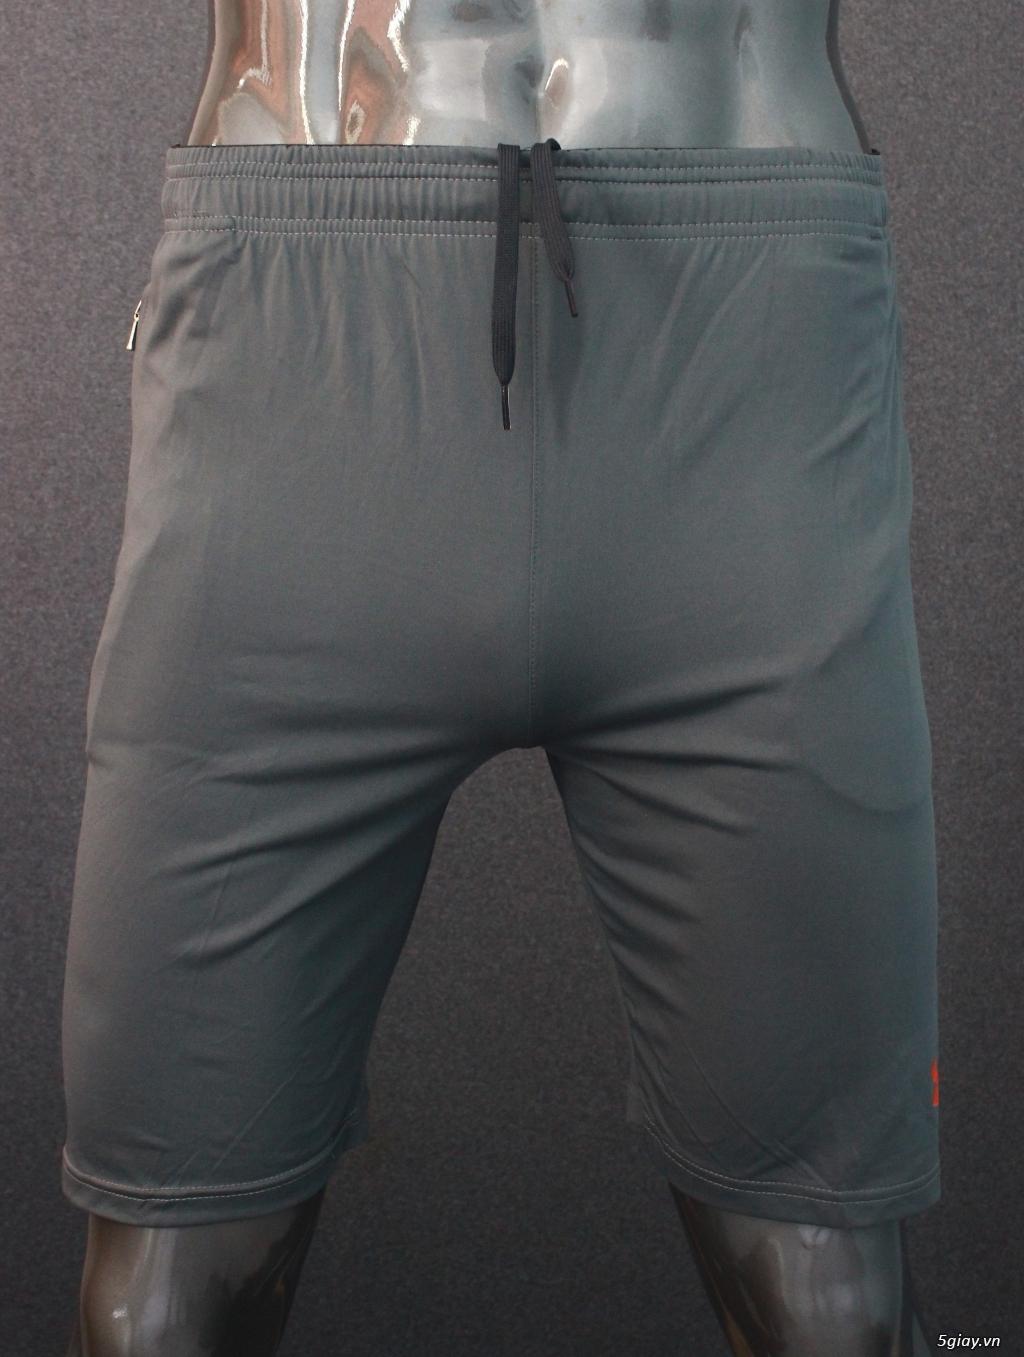 Chuyên cung cấp quần áo thể thao Adidas,Nike,Under Armour,Puma...trên Toàn Quốc giá xưởng - 36
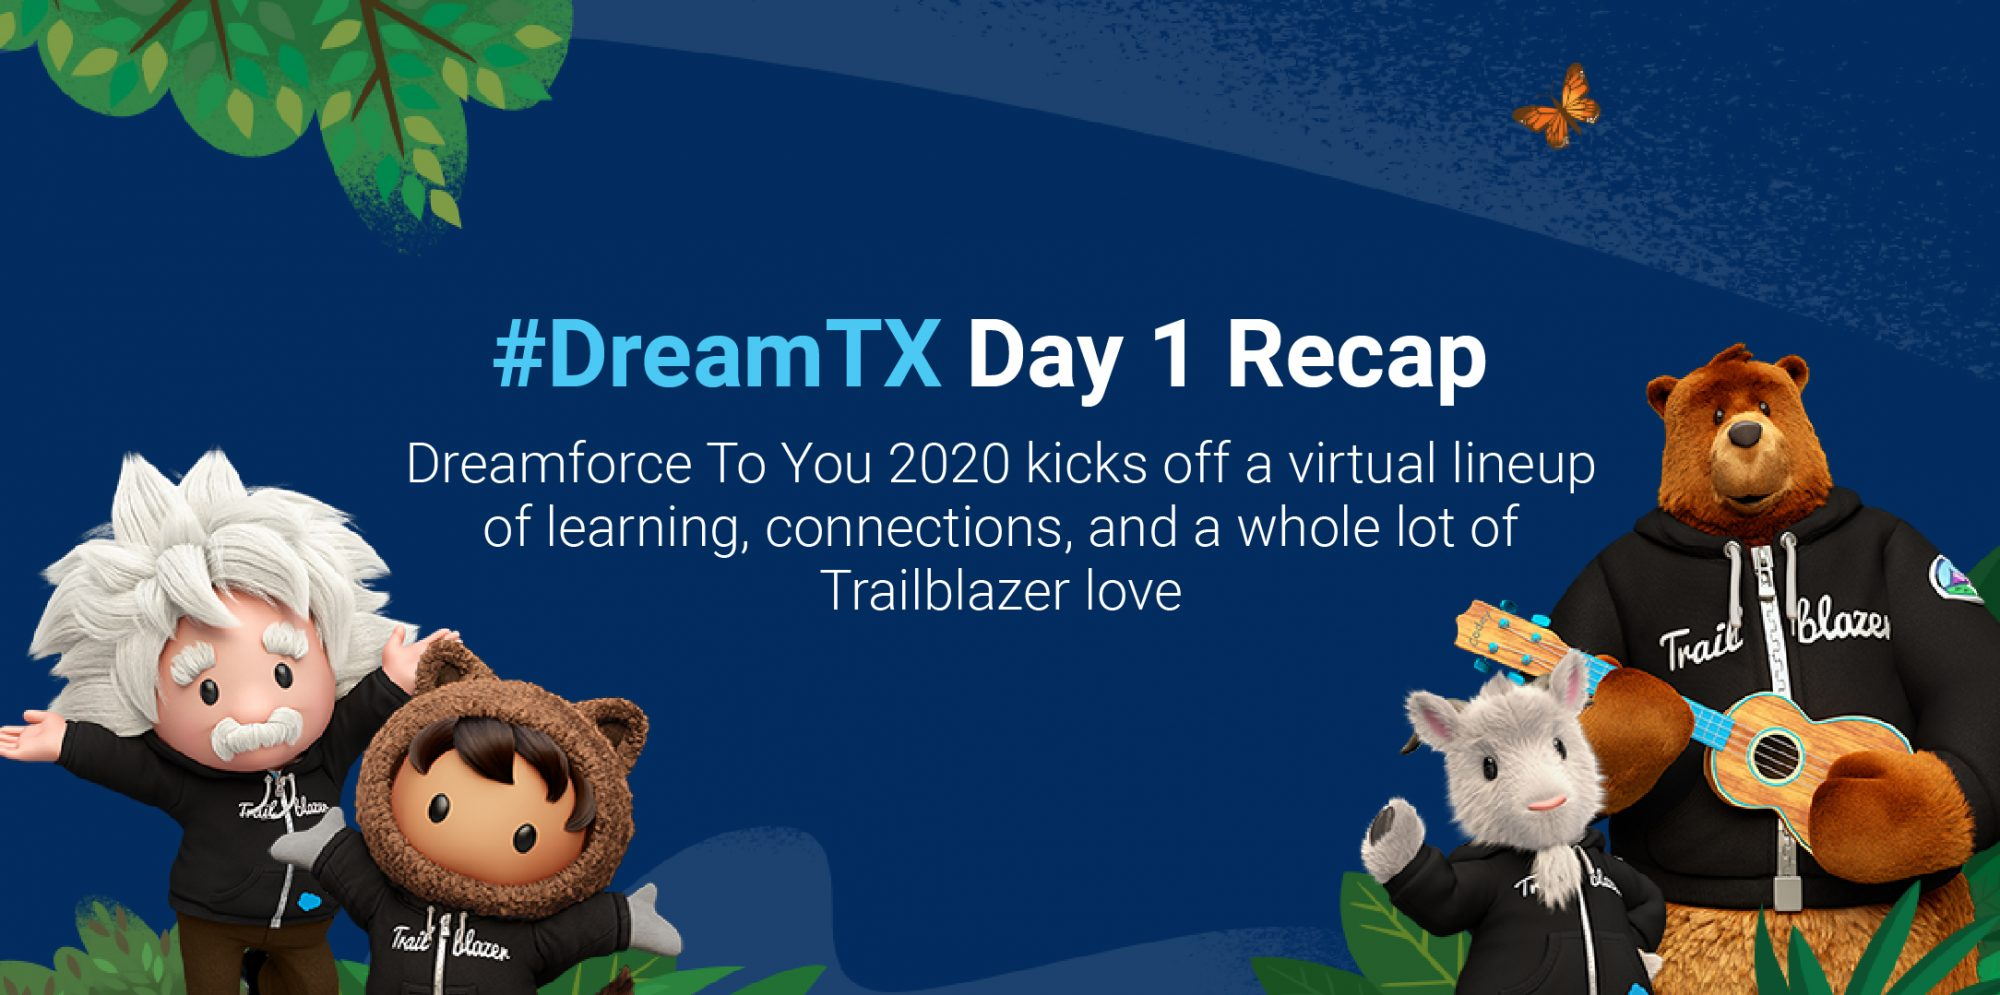 DreamTX Day 1: Dreamforce to you 2020 kicks off
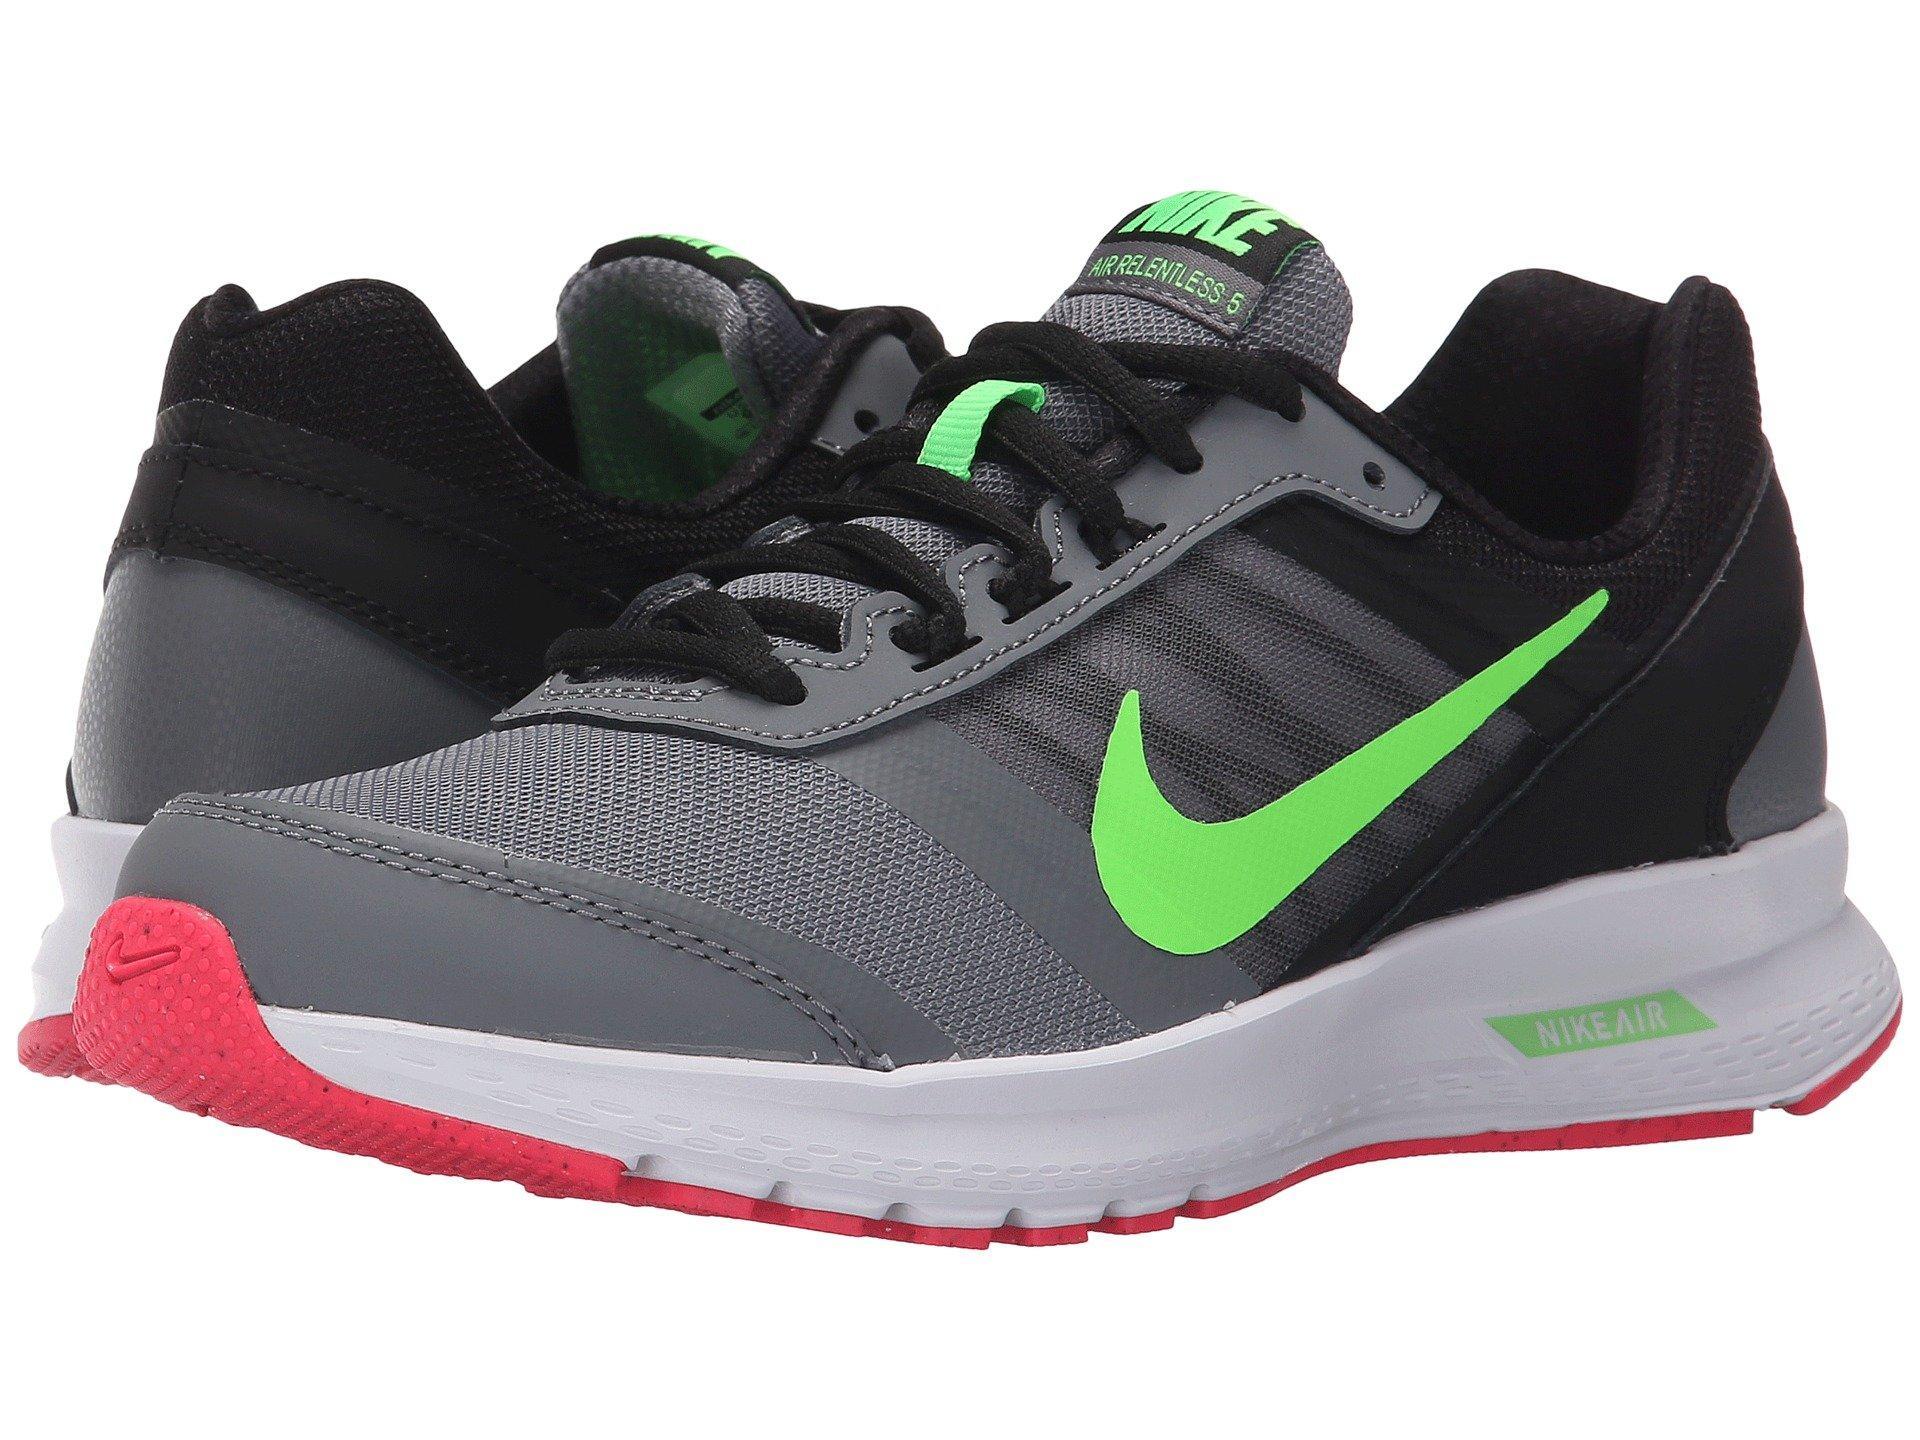 a35efb40a951 Nike Air Relentless 5
__________
ABOUT THIS EXERCISE
Without including any pictures, set down word for word every line from the one containing "DreamTX Day 1: Dreamforce" through the last line of the material.

RESPONSE AREA
 DreamTX Day 1: Dreamforce to you 2020 kicks off
 a35efb40a951 Nike Air Relentless 5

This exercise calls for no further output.